A reader recently asked the following:

What are the penalties and consequences, if any, for knowingly hiring an individual as an independent contractor whose work visa (H1) had expired and offering part time employment to his wife, who is on a H4 Visa?

My answer follows:

The below information in bold is directly from the United States’ Department of Labor. Please note that this is general information only, and that the Department of Labor MAY assess penalties. “May” is the key word here. As noted below, penalties really depend “on the type and severity of the violation.” Moreover, the Department of Labor generally only investigates if apprised of a violation. Generally, it doesn’t have the “manpower” to just do random investigations.

Relative to the H4 visa, it doesn’t matter if the expiring H1 visa holder’s spouse is here on an H4. One has nothing to do with the other. What matters is that the H1 visa holder’s visa is valid. Consequently, if the H1 visa has expired, then the H4 visa may no longer be valid too, and Homeland Security may take action against the immigrant violators also.

I hope that this helps. If you’d like further information, please don’t hesitate to contact me.

Penalties/Sanctions:

When violations are found, the Administrator of the Wage and Hour Division may assess civil money penalties with maximums ranging from $1,000 to $35,000 per violation, depending on the type and severity of the violation. The Administrator may also impose other remedies, including payment of back wages.

Within 15 days of the date of the determination, any interested party may request a hearing on the Wage and Hour Administrator’s determination before an administrative law judge. Within 30 days of the decision by an Administrative Law Judge, an interested party may request a review of the ALJ’s decision by the Department’s Administrative Review Board.

Employers found to have committed certain violations may also be precluded from future access to the H-1B program and other immigrant programs for a period of at least one year.
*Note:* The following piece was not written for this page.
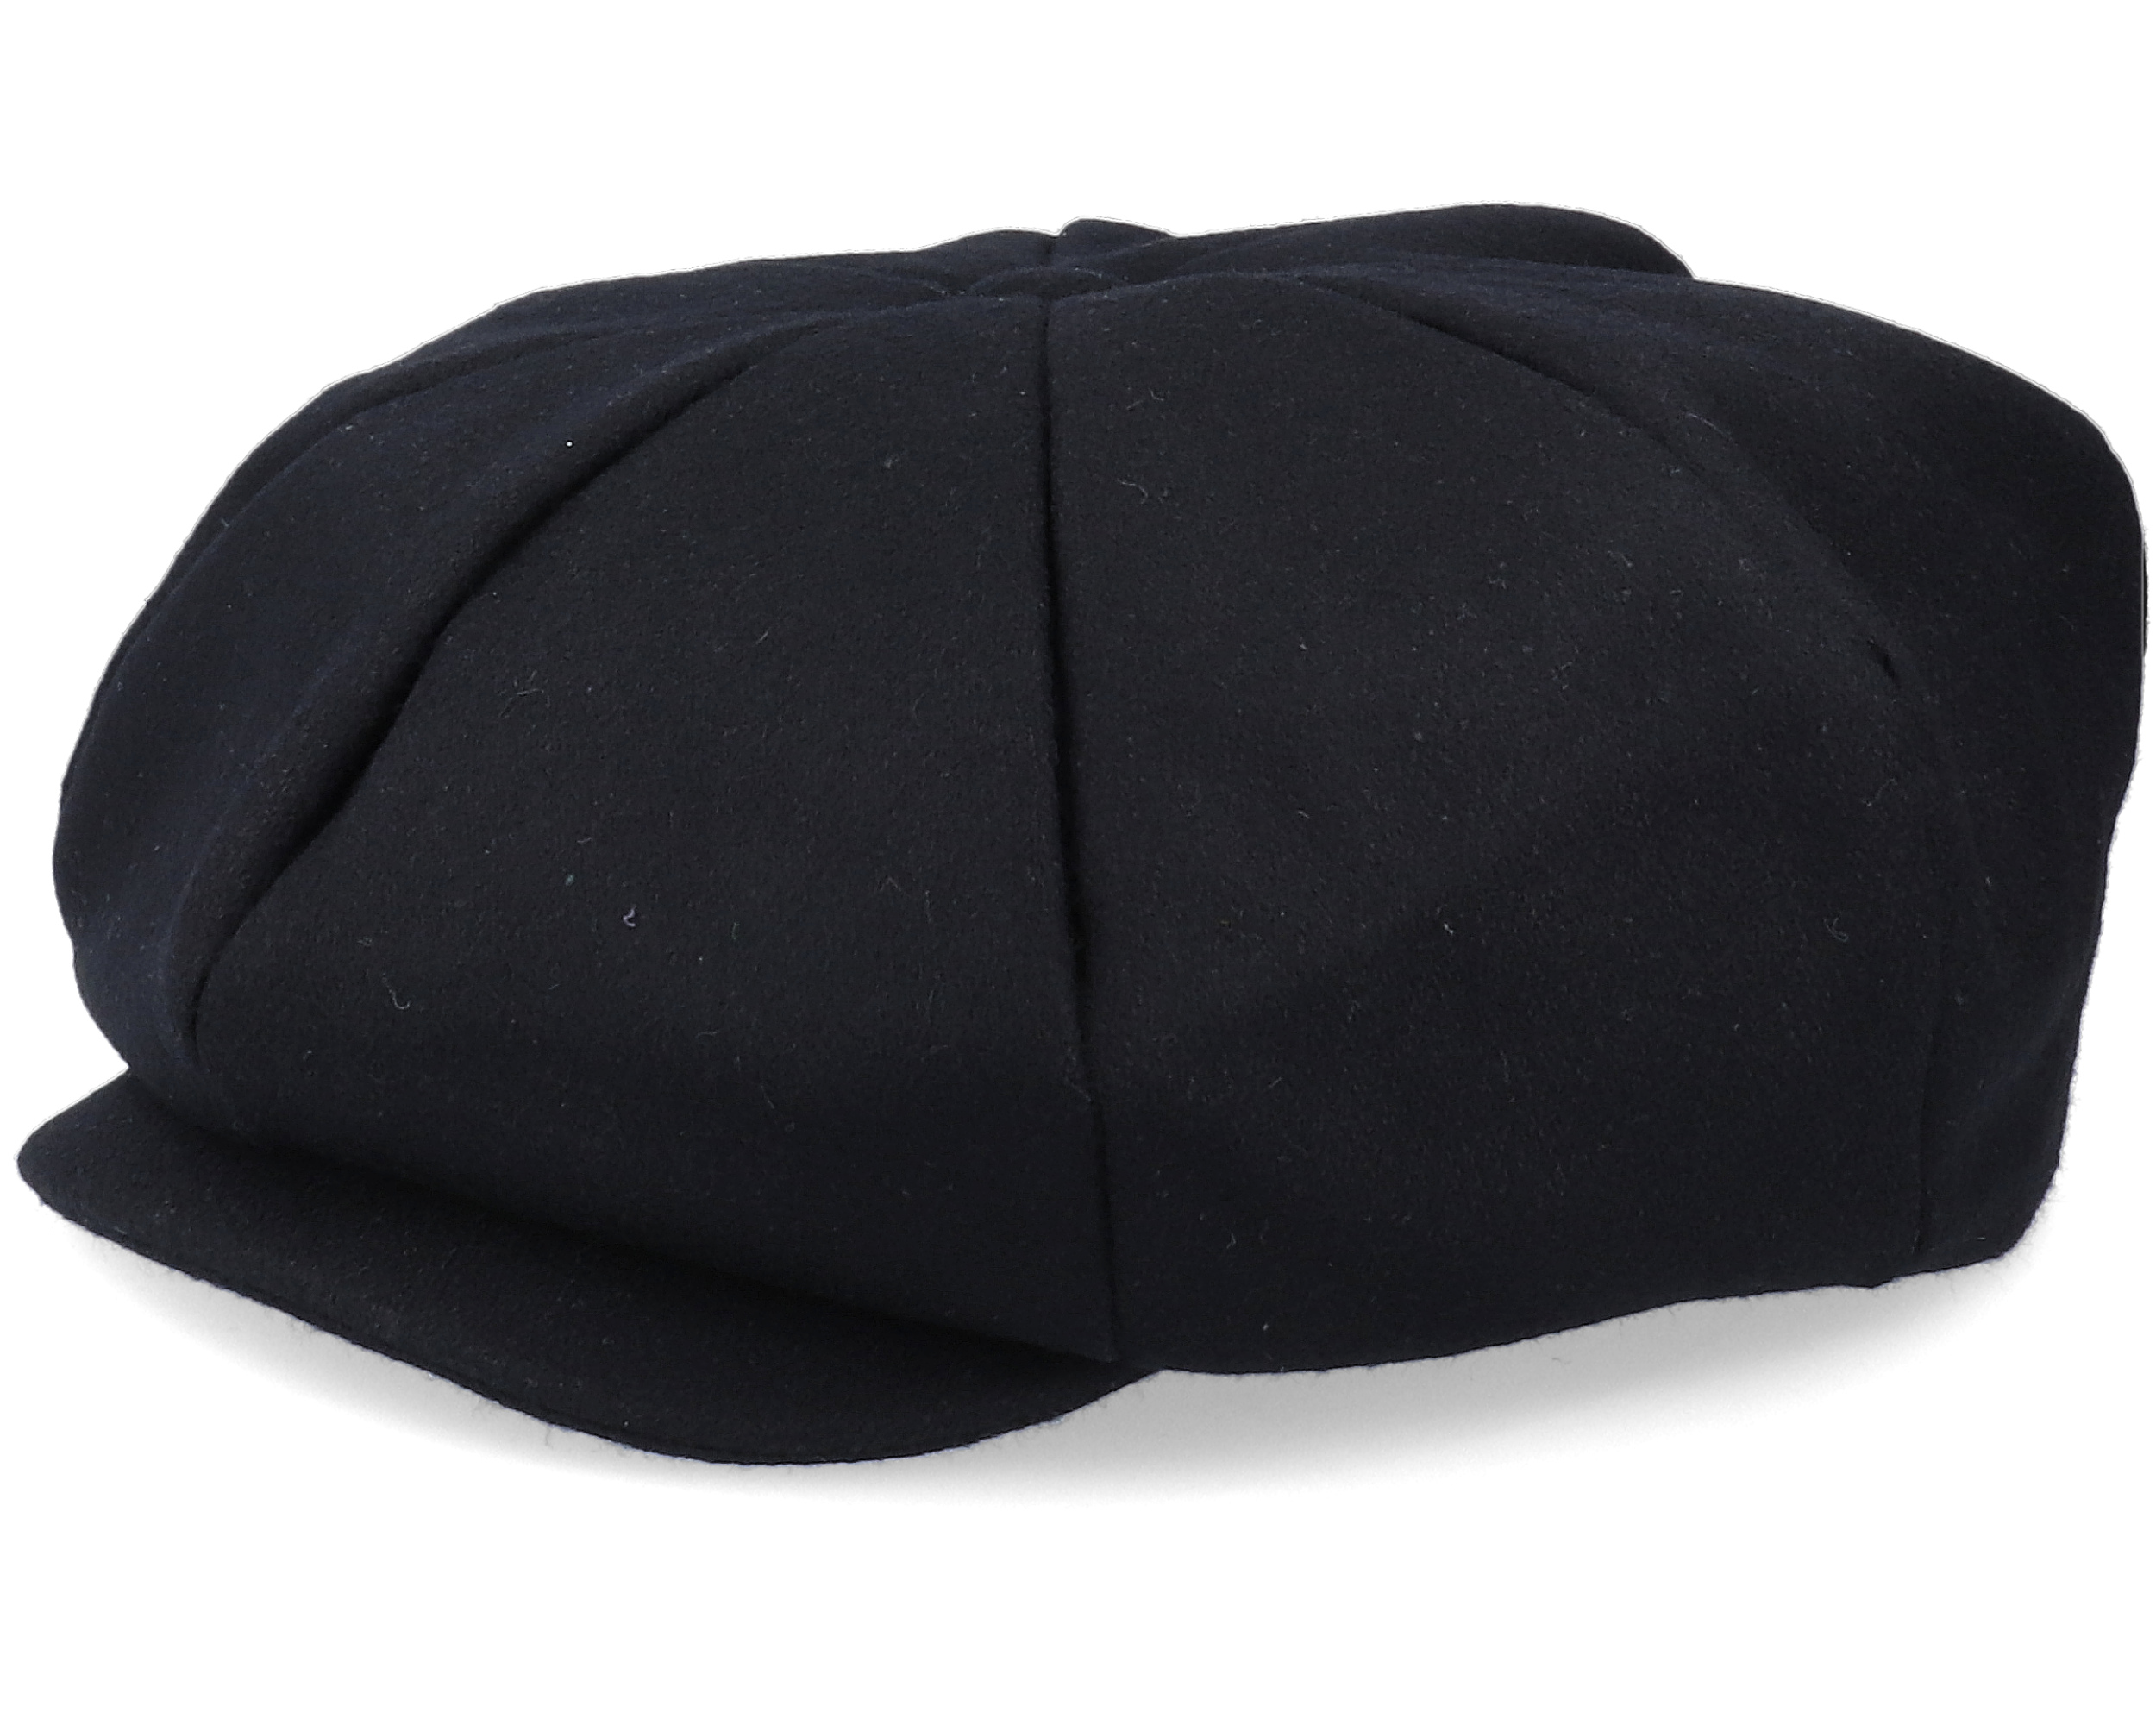 Big Apple Hat Black Flat Cap - Jaxon & James cap

Effective March 8, 2005, an H-1B employer will be considered in compliance notwithstanding a technical or procedural failure if such employer:

  • Makes a good faith attempt to comply;
  • Voluntarily corrects violations within 10 business days of being advised by an enforcement authority; and
  • Has not engaged in a pattern or practice of willful violations; and
  • For prevailing wage violations, can establish that the wage was calculated consistent with recognized industry standards and practices.

Relation to State, Local, and Other Federal Laws

Various other laws, such as worker’s compensation, tax (unemployment insurance, local, state, and federal), the Fair Labor Standards Act, and the Family and Medical Leave Act, may apply to the employment of these workers.